• [WORK REQUEST]
Only the pictures should be left out; repeat the rest of the data exactly.

Segment Start: SUPPLIED DATA

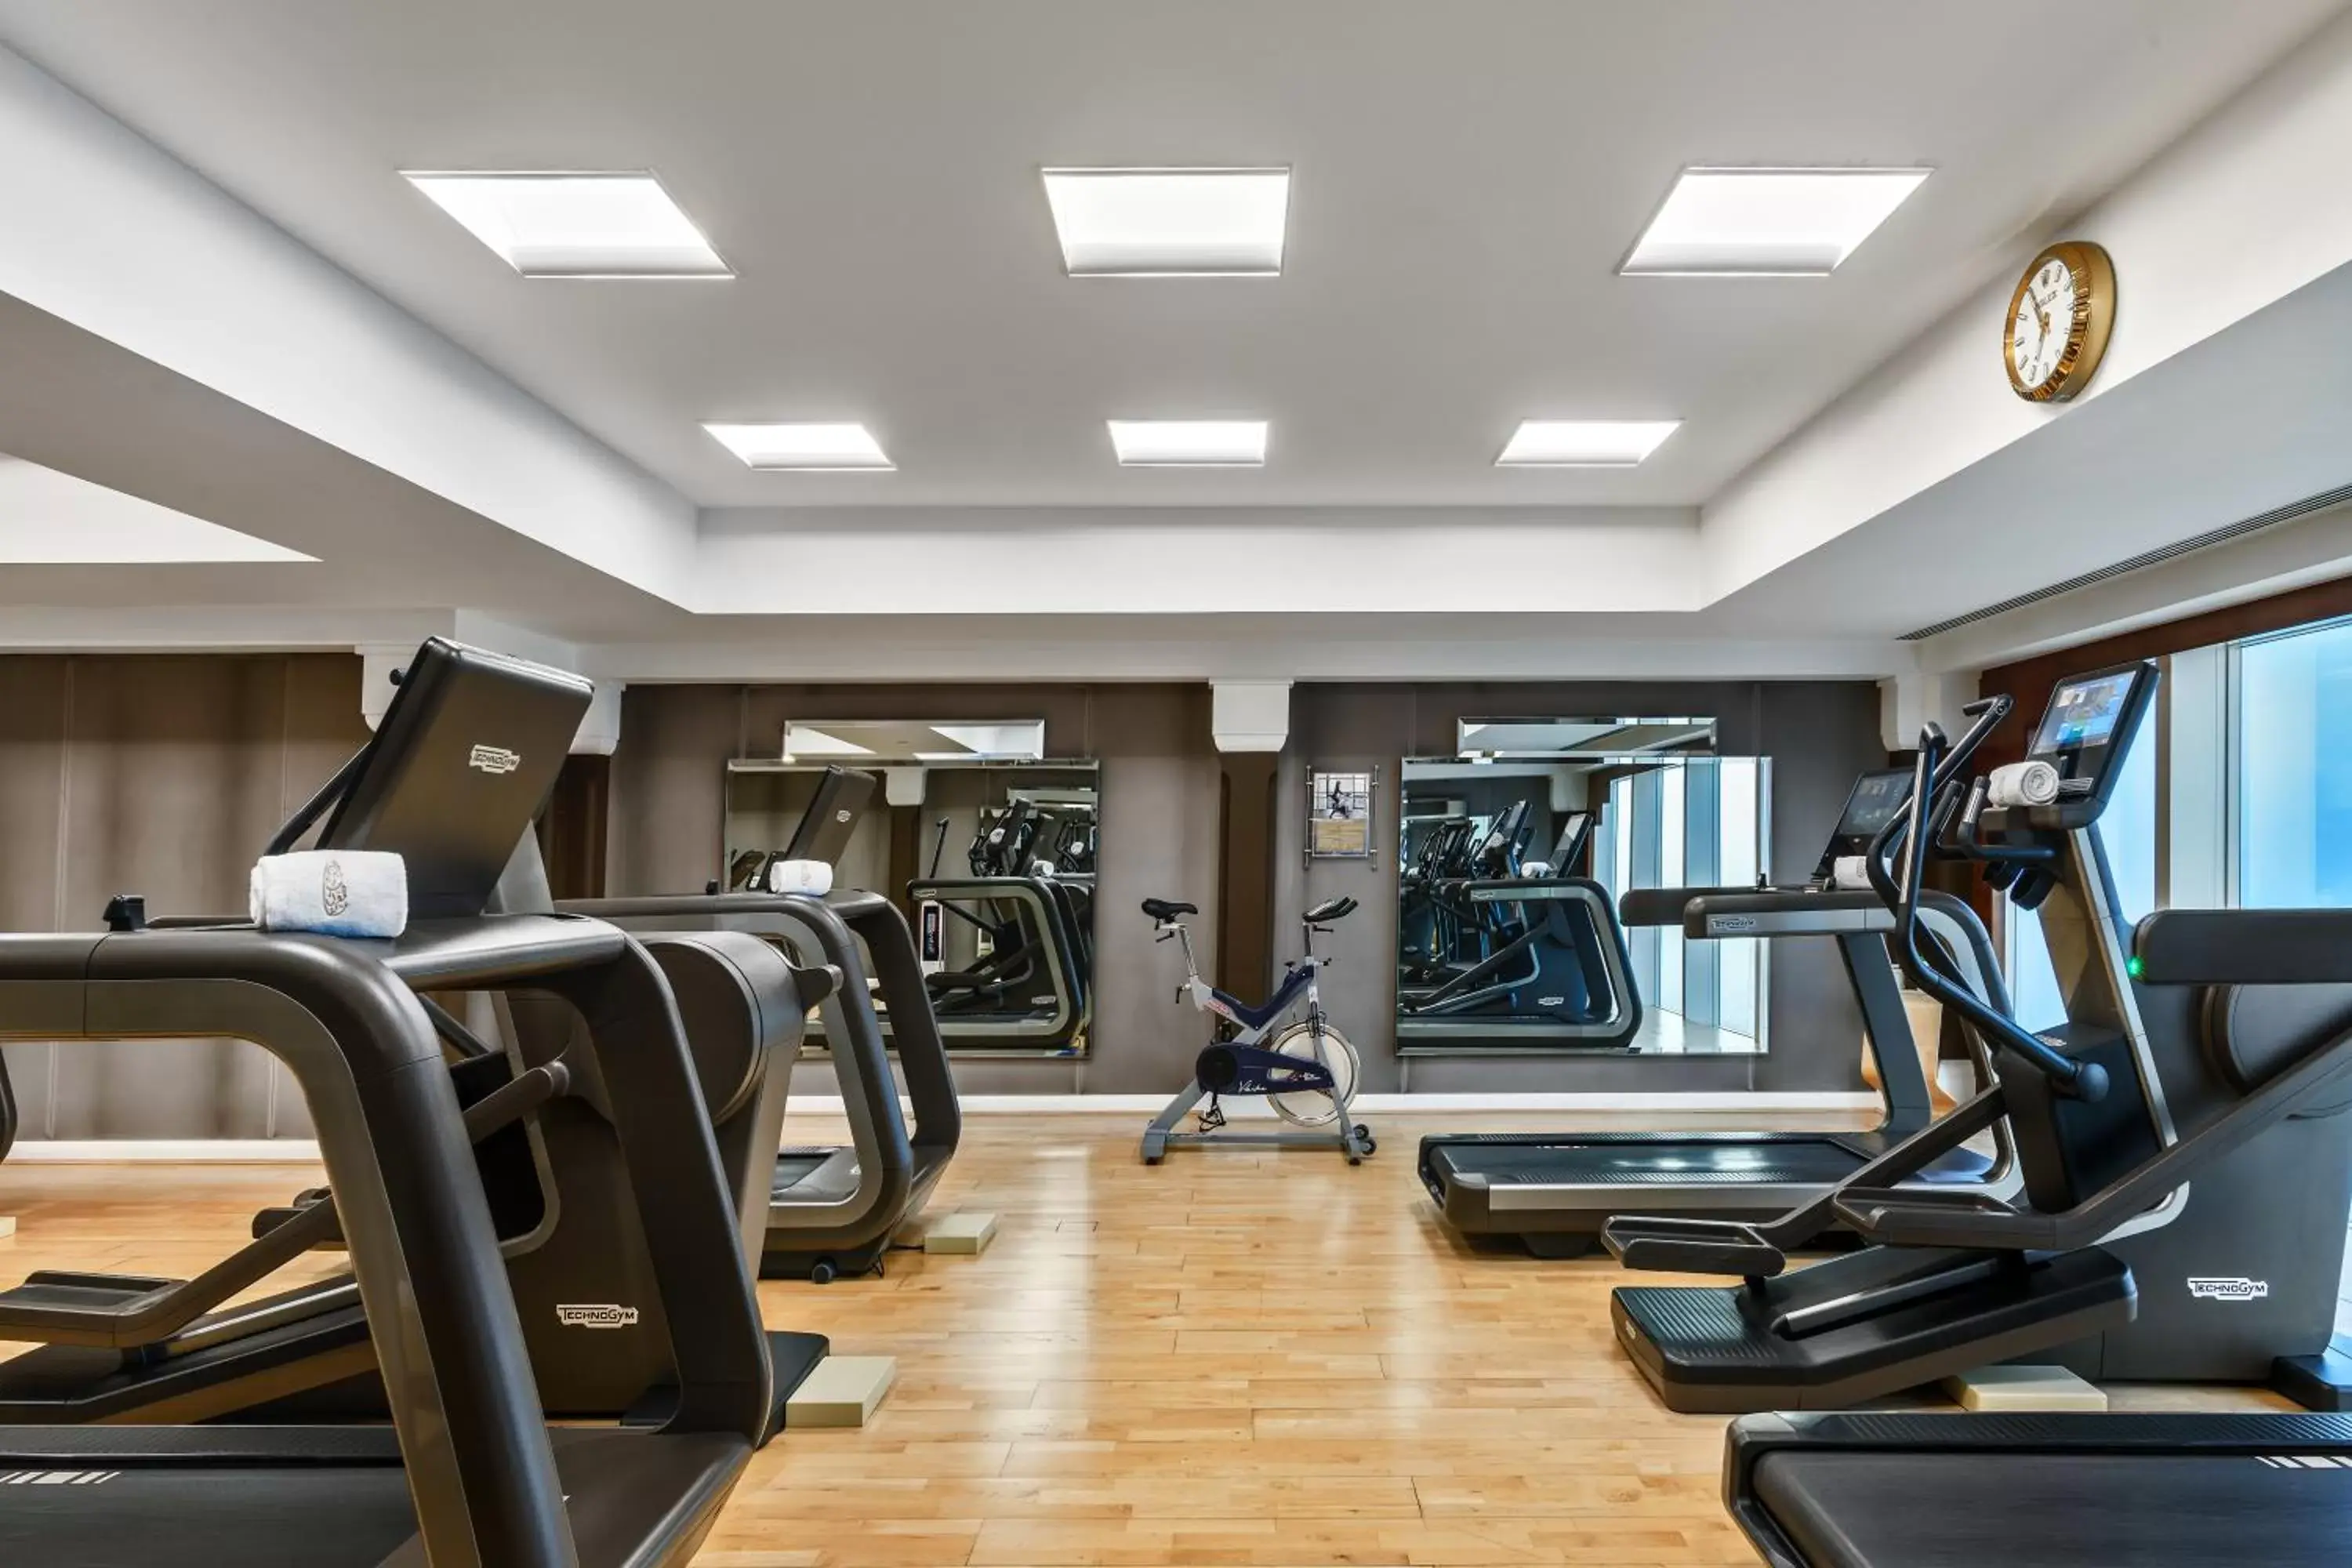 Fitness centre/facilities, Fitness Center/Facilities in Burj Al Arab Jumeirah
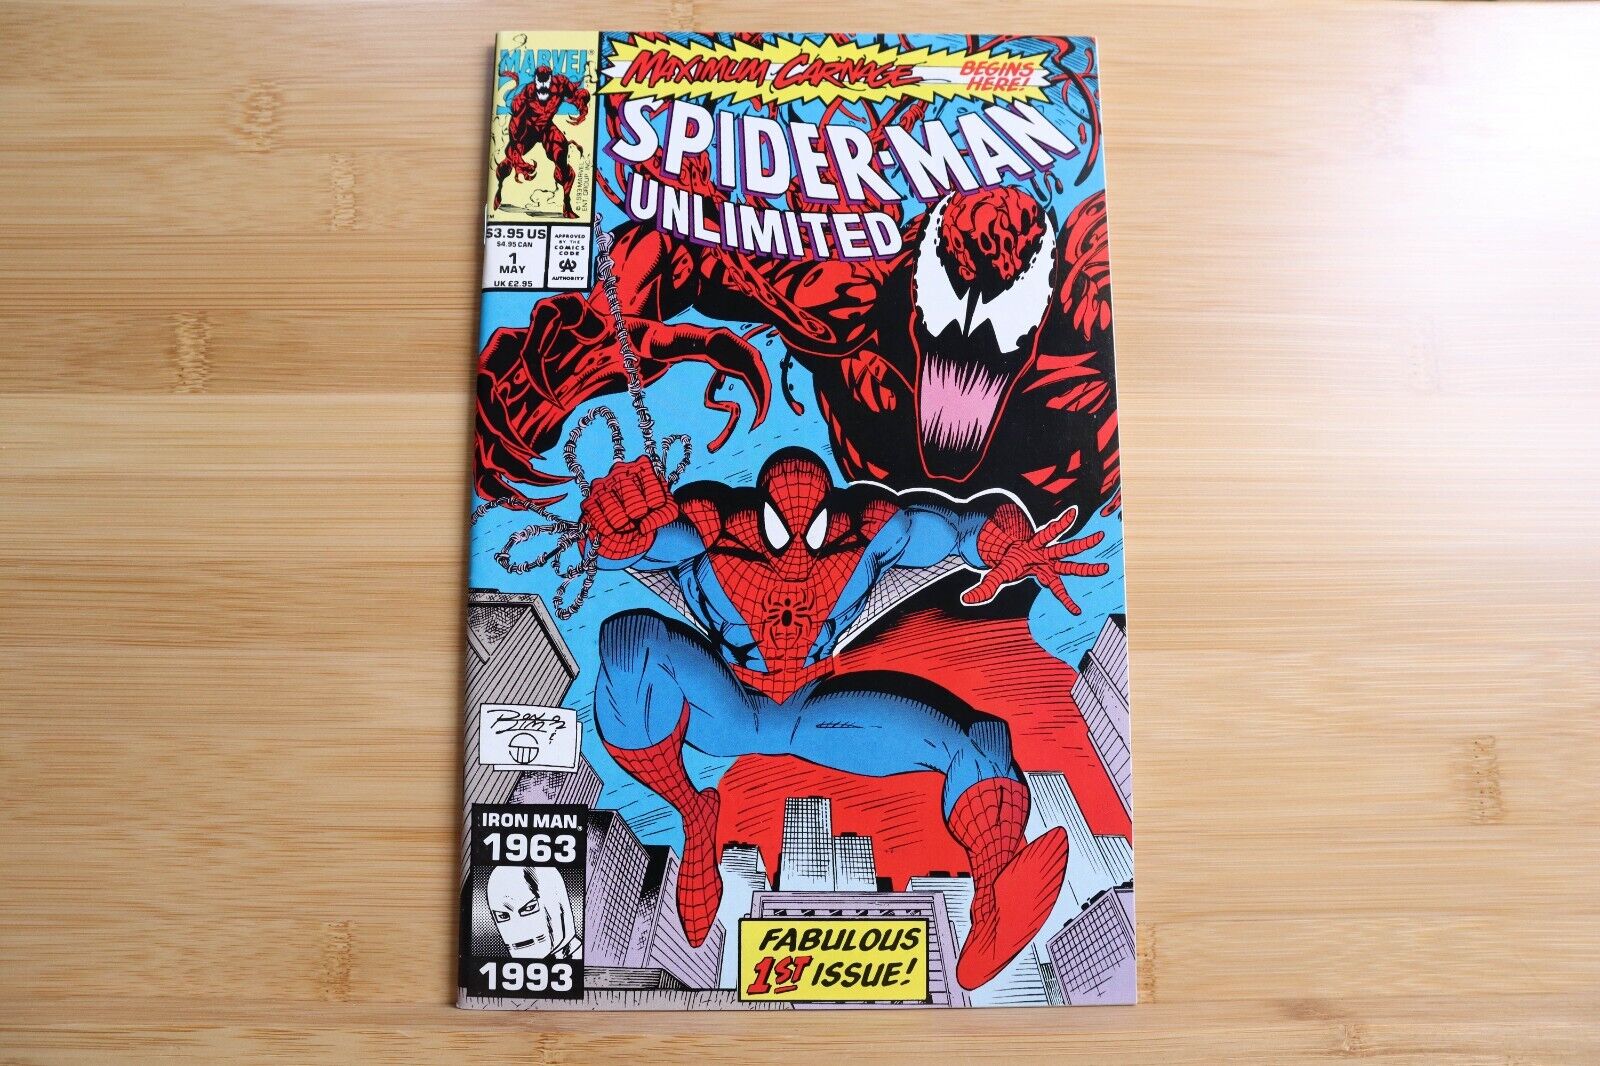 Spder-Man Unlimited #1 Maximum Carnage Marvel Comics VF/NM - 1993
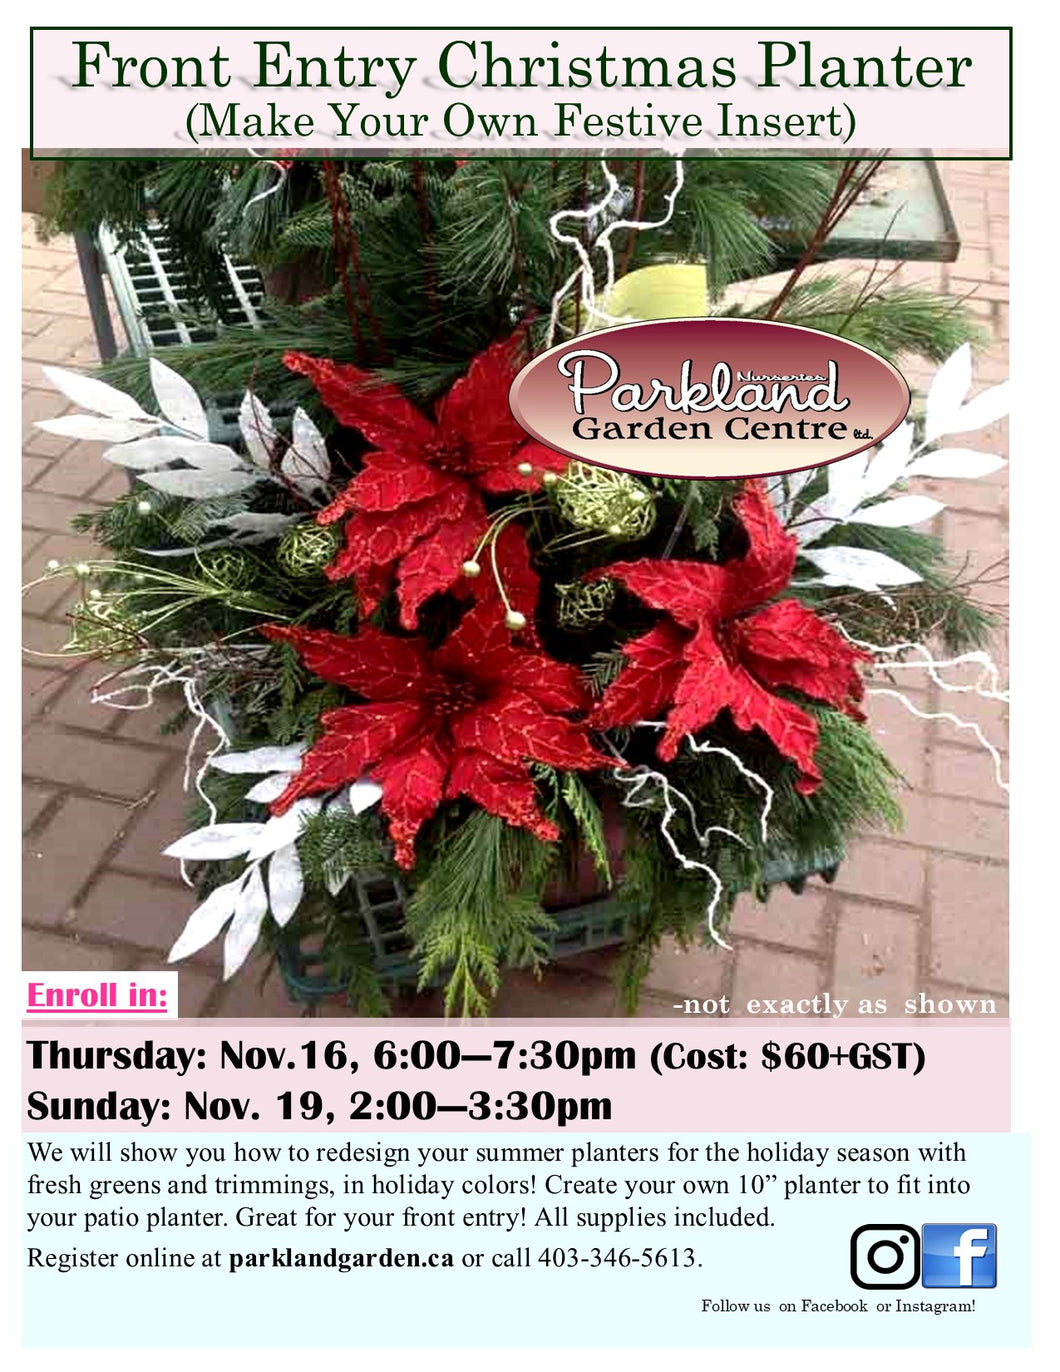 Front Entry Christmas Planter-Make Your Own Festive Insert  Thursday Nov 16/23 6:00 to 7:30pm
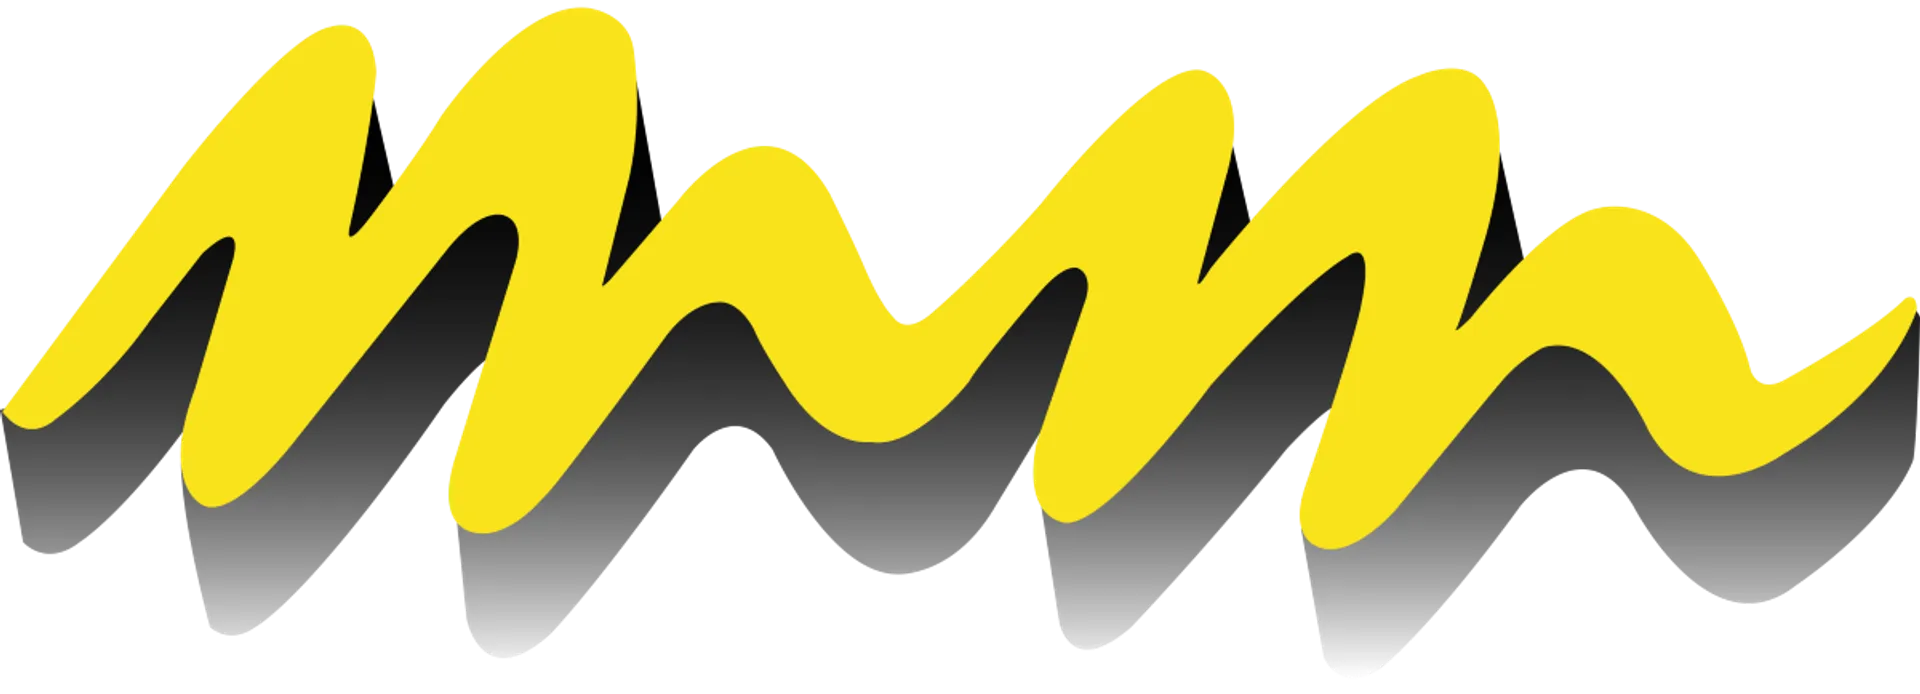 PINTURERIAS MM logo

Segment End: SUPPLIED DATA

• [FINISHED EXERCISE]
 Fitness centre/facilities, Fitness Center/Facilities in Burj Al Arab Jumeirah
 Spder-Man Unlimited #1 Maximum Carnage Marvel Comics VF/NM - 1993
 Front Entry Christmas Planter-Make Your Own Festive Insert  Thursday Nov 16/23 6:00 to 7:30pm
 PINTURERIAS MM logo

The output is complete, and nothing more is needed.